Blood Money
By David
Andrew of Southwest Windpower has written about hair-raising (or perhaps hair-falling-out) cycles of raising capital and repaying debt. This is something I and bluehouse have not yet faced in quite the same way, although we have our own tumultuous relationship to the green. While I conceived of, started, and run my business—and I make all of the daily and strategic decisions—I don’t actually own it myself. A few years ago, my father (who is an extraordinary man) announced his intention to fully fund the entrepreneurial ambitions of my siblings and myself as a way of both bringing our family together and passing his legacy down to future generations. In a series of legal and financial maneuvers, we formed a family trust that in turn funded a holding company that officially owns my business along with several others launched by my brothers and their wives.
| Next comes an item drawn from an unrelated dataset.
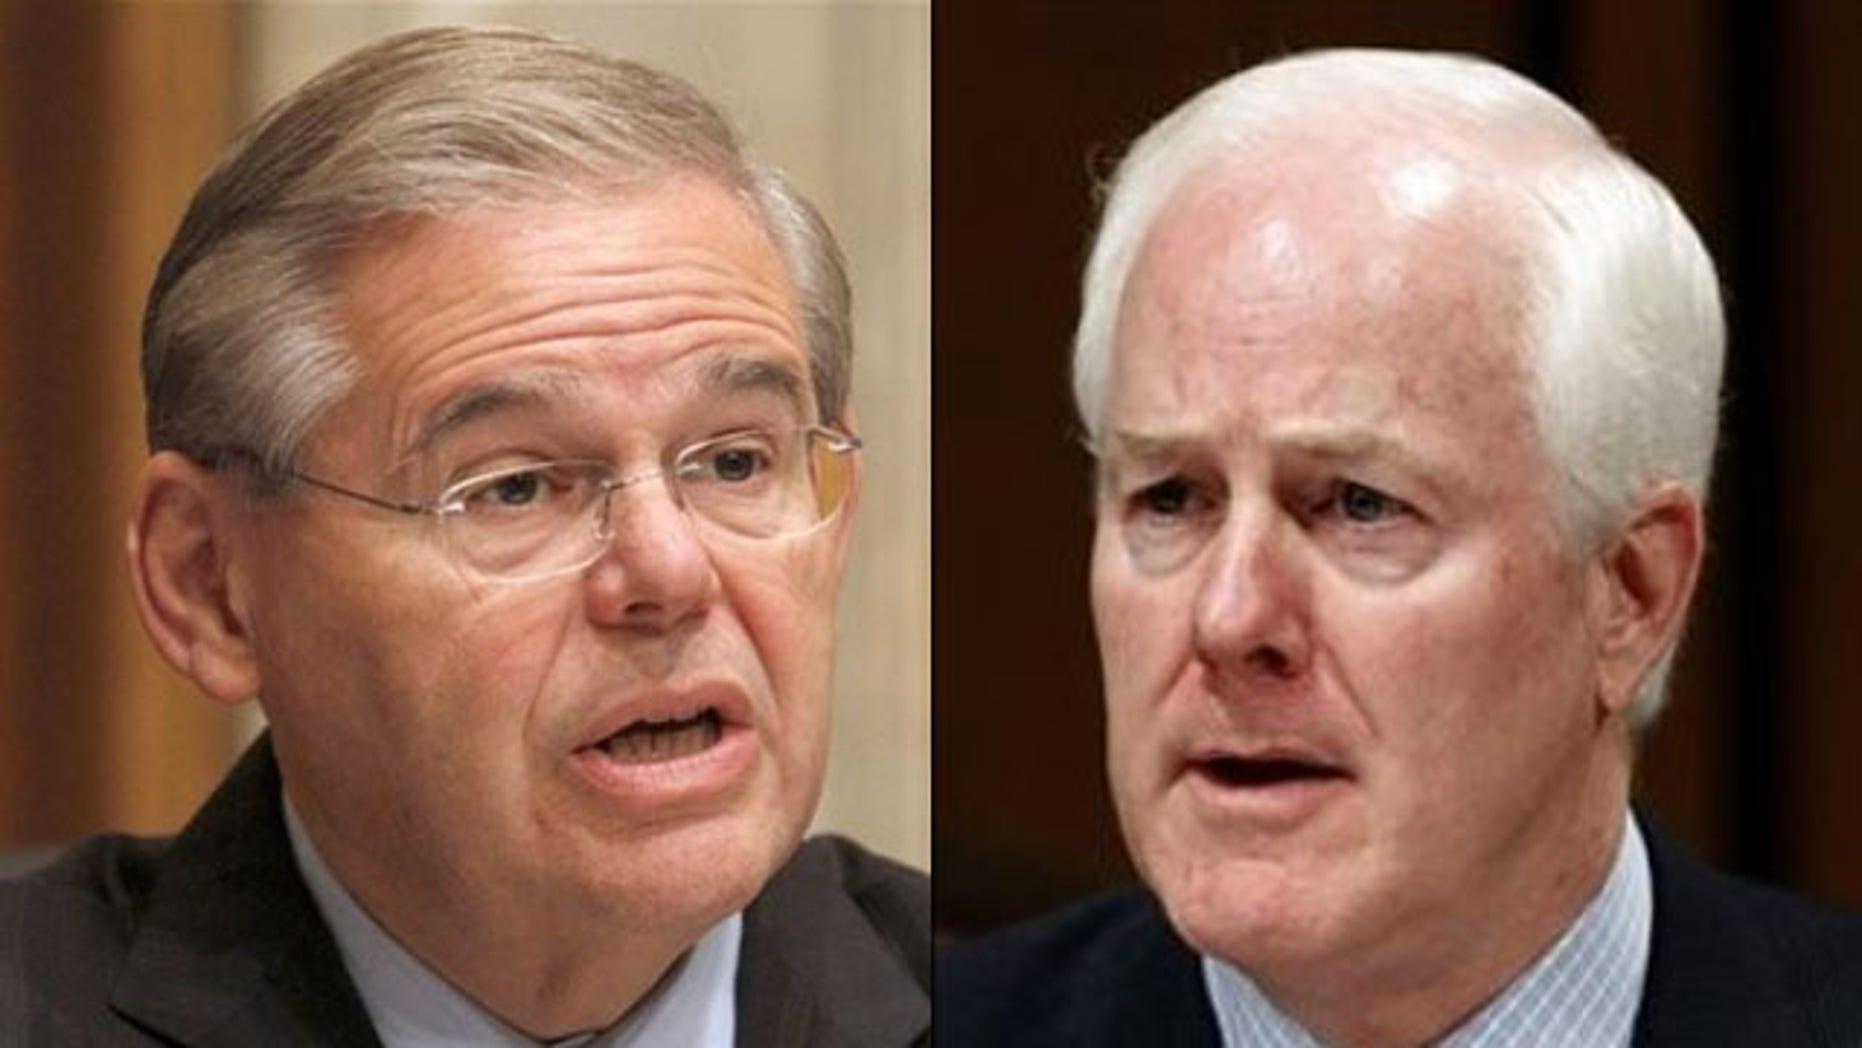 Shown here are Sen. Robert Menendez, left, and Sen. John Cornyn. (AP Photos)

I am often asked how lucky I feel to have fallen into such an arrangement as compared to jumping through hoops for institutional funding. The short answer is “very,” although I suspect the question is enough of a gotcha that I don’t like to talk about it much. Yes, I dodged a bullet, but it’s not as if I don’t have to account for every penny that passes through my business. Indeed, I’d almost rather explain to a bank why I need money for new signage rather than have the matter scrutinized around the Thanksgiving dinner table or at my nephew’s birthday party. If a typical business should suddenly take a turn for the worse and fail, a bank can foreclose and be done with it. Humiliating, to be sure, but in my case, should the worst happen, there is no end of the earth to which I can flee from the knowledge that I’ve harmed the livelihood of my entire extended family. My extra motivation to succeed is the thought of those Thanksgivings and birthday parties if I do not.
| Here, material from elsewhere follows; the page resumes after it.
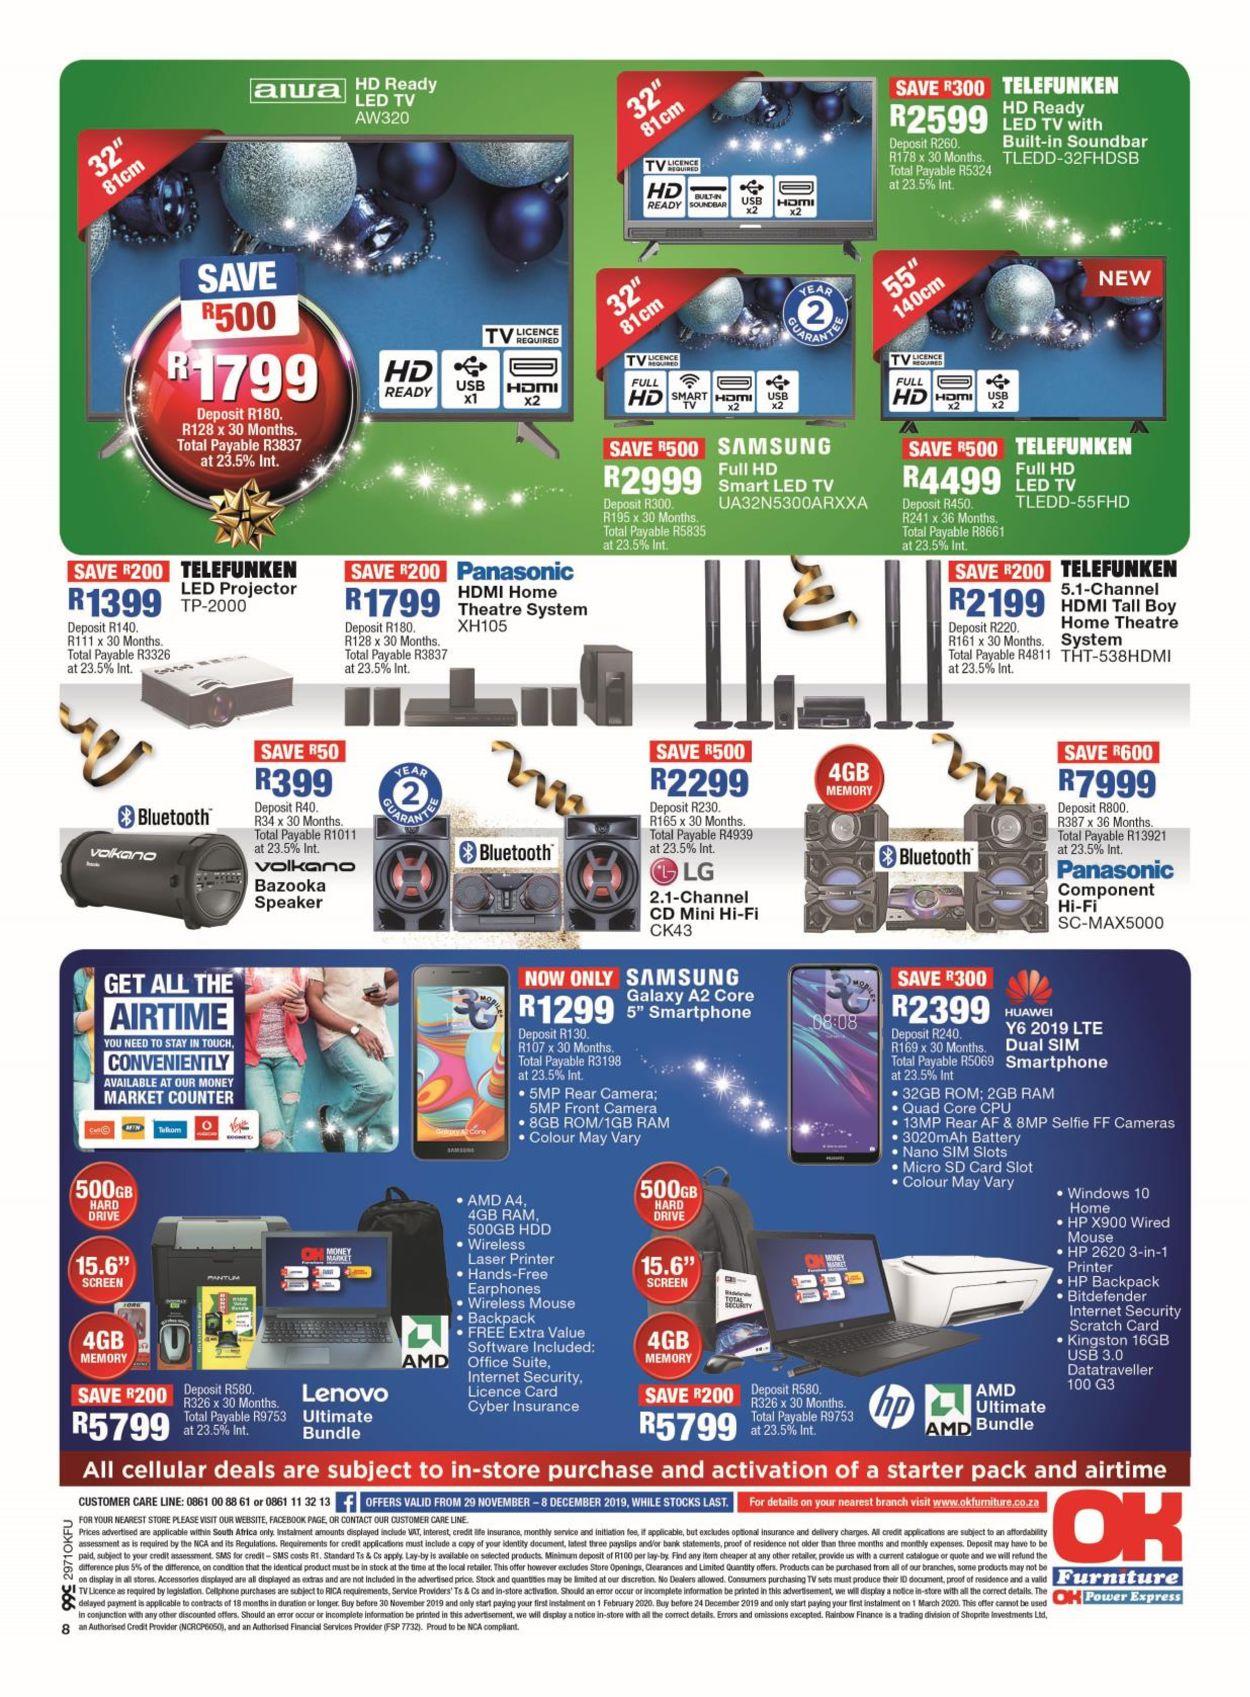 OK Furniture Christmas Catalogue 2019 Catalogue - 2019/11/29-2019/12/08 (Page 4)

Still, although it’s very strange for me to be making complex business decisions with the brothers who used to kick the back of my car seat or hold their finger up to my head and play “I’m not touching you,” it’s an oddly satisfying arrangement. Business is risk—daily and often unnerving risk—and there is something both soothing and thrilling about sharing that with the people who have known me since I was born.
And, well, yes, often irritating. But right nonetheless.